**Data extract**
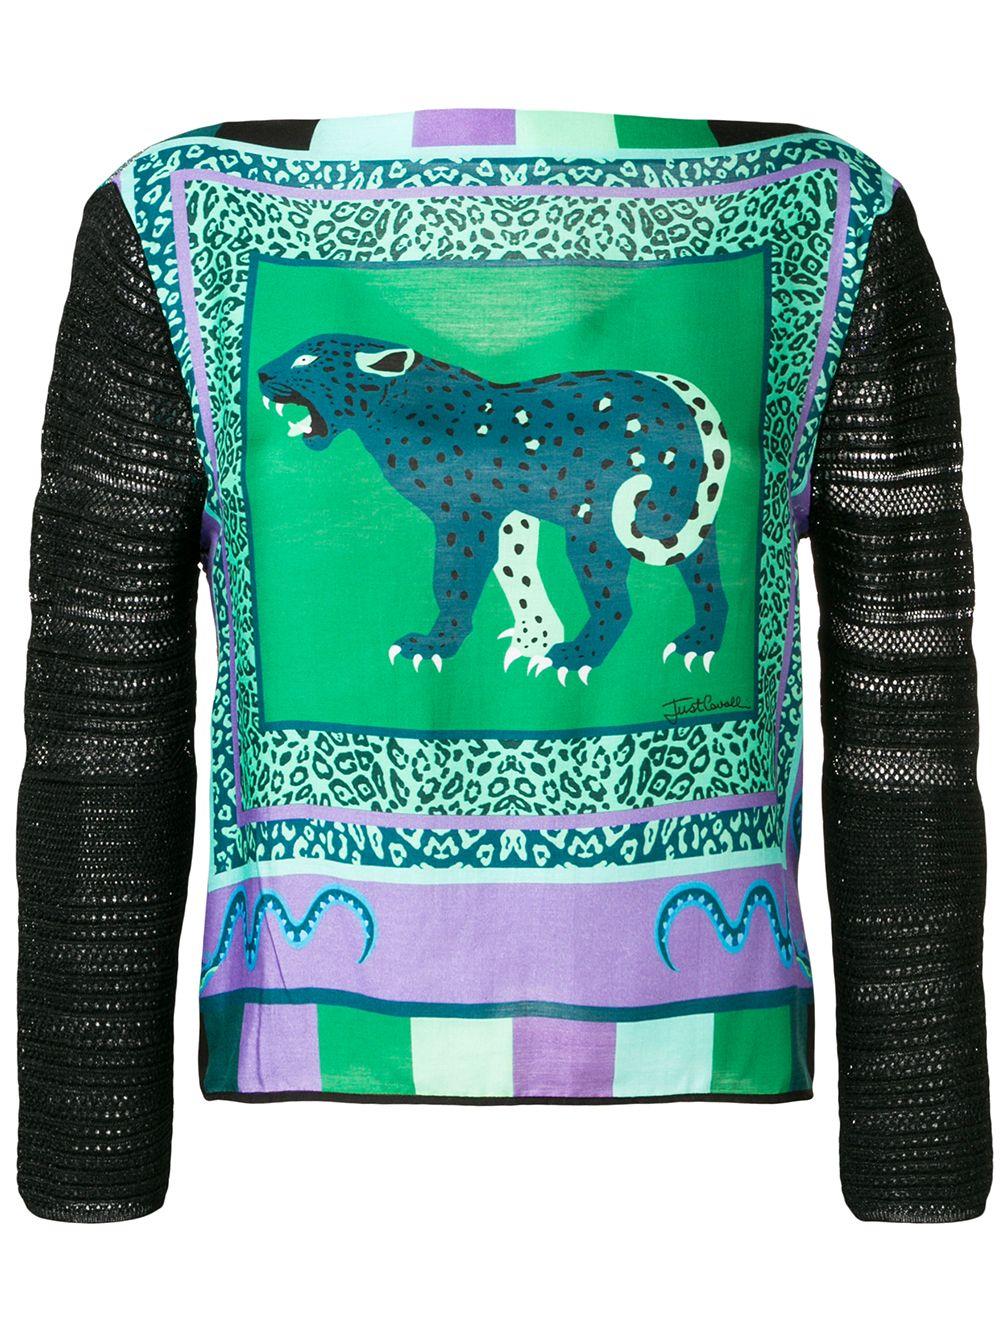 JUST CAVALLI | свитер с вставками и принтом леопарда | Clouty
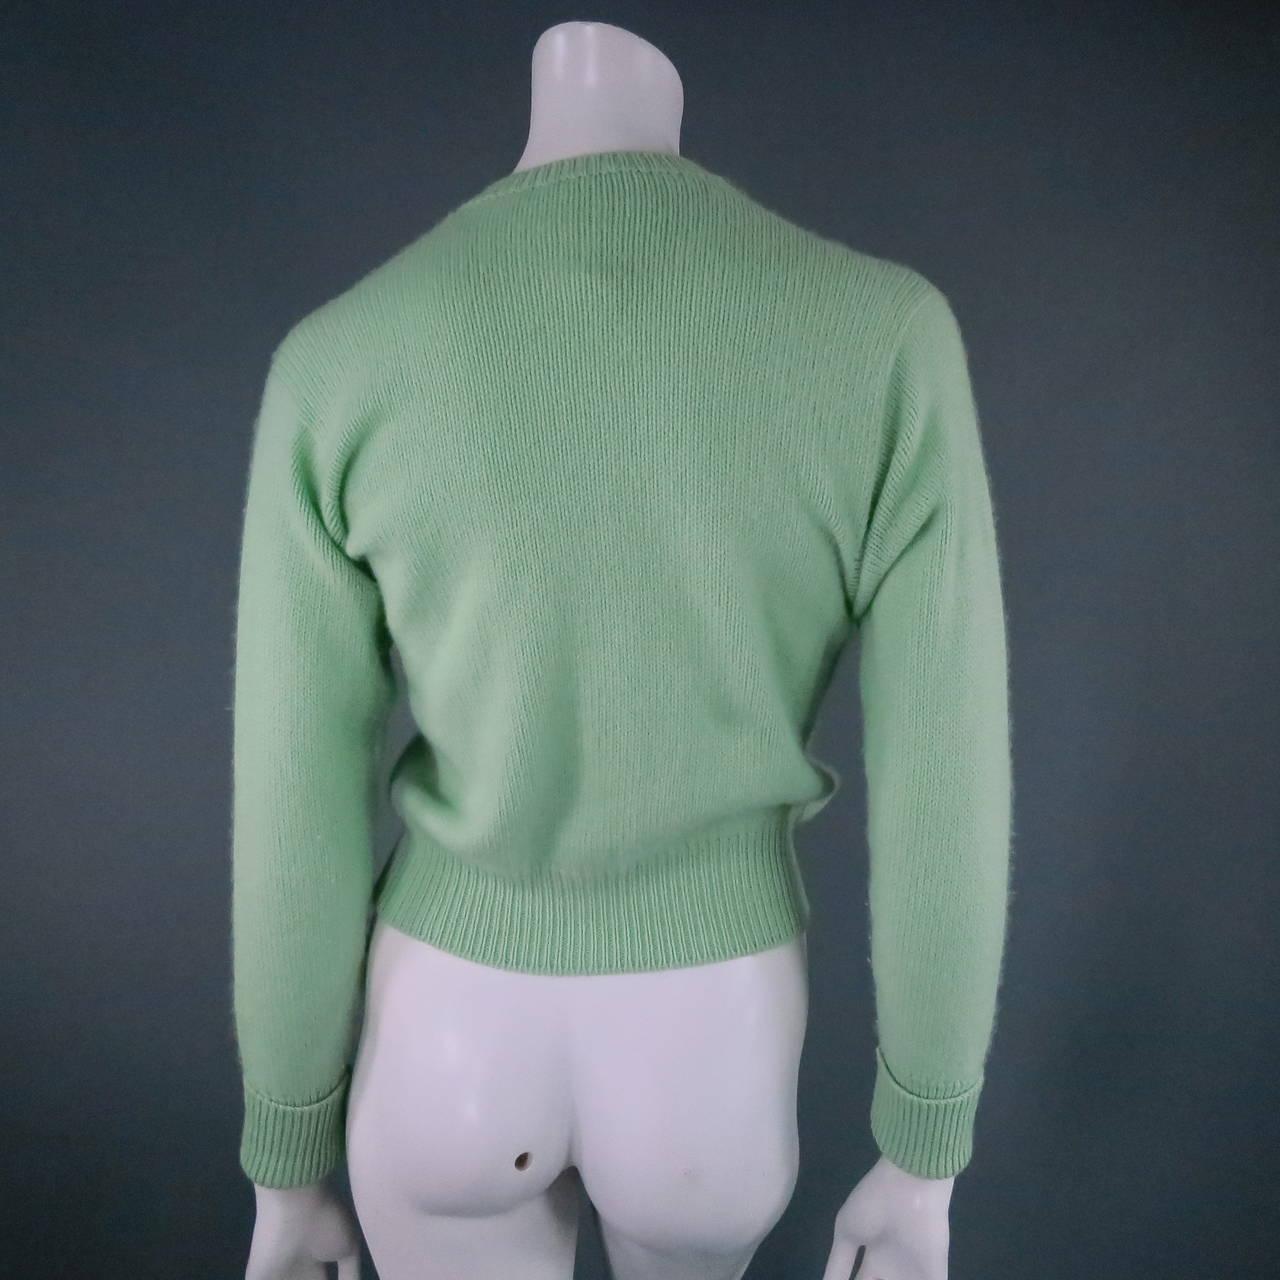 Vintage CHANEL Size M Mint Green Cashmere Cardigan 3
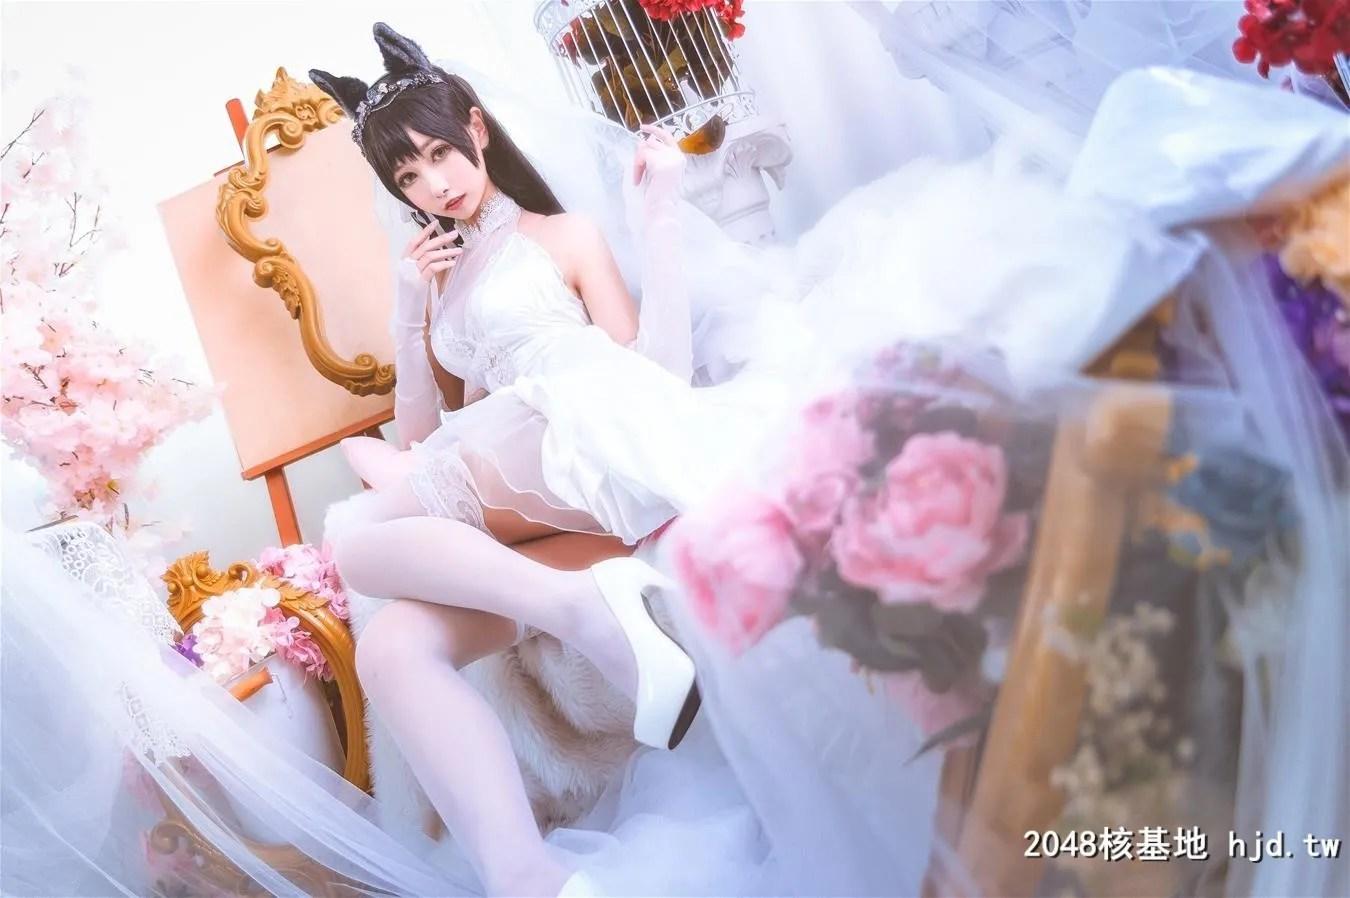 【Momoko葵葵】 爱宕 [26P]插图(11)
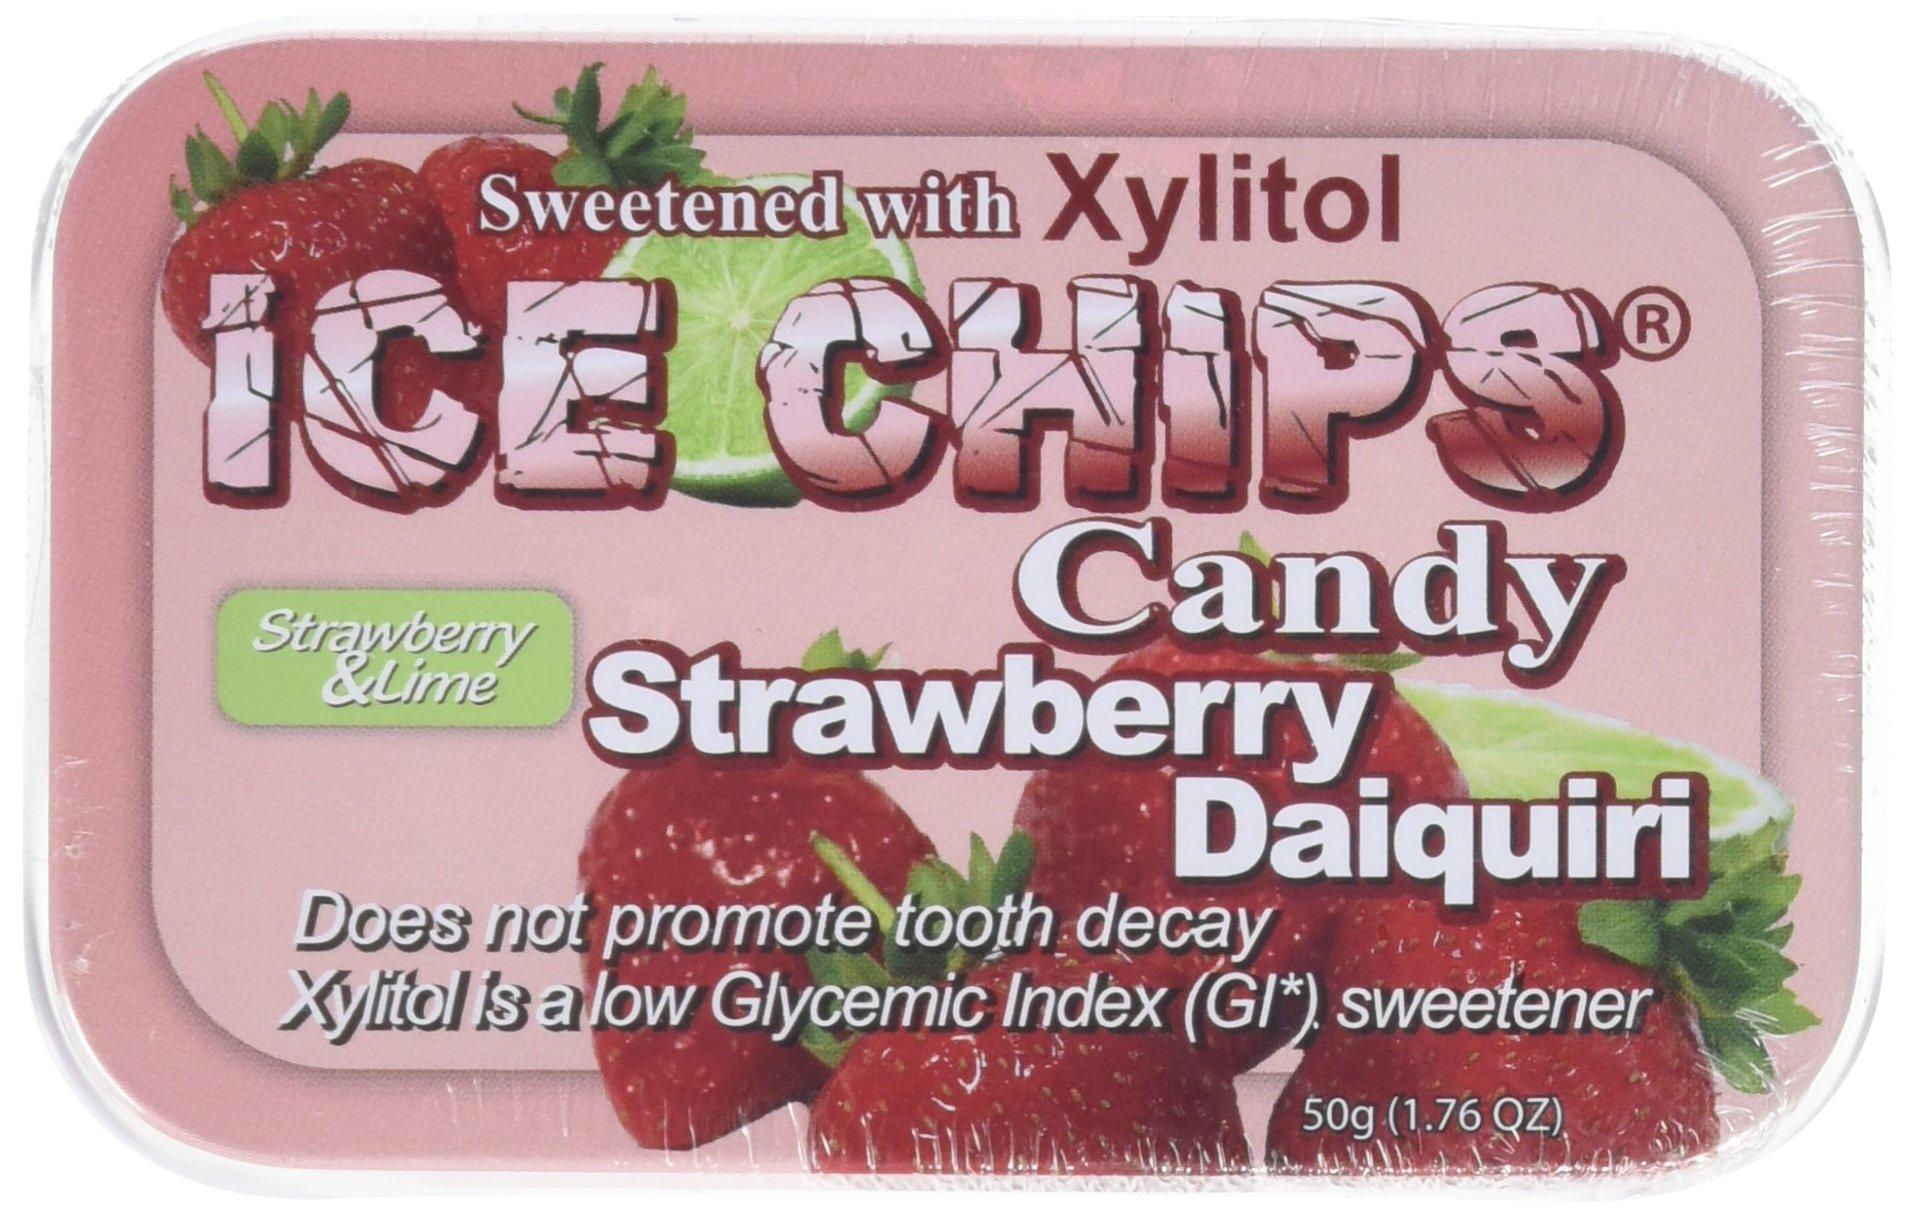 ICE CHIPS Strawberry Daiquiri Xylitol Mints 6 Single Tins

**Assigned task**
Everything from the line that contains "Vintage CHANEL Size" through the final line of the material should be returned exactly, except the pictures.

**Response**
 Vintage CHANEL Size M Mint Green Cashmere Cardigan 3
 【Momoko葵葵】 爱宕 [26P]插图(11)
 ICE CHIPS Strawberry Daiquiri Xylitol Mints 6 Single Tins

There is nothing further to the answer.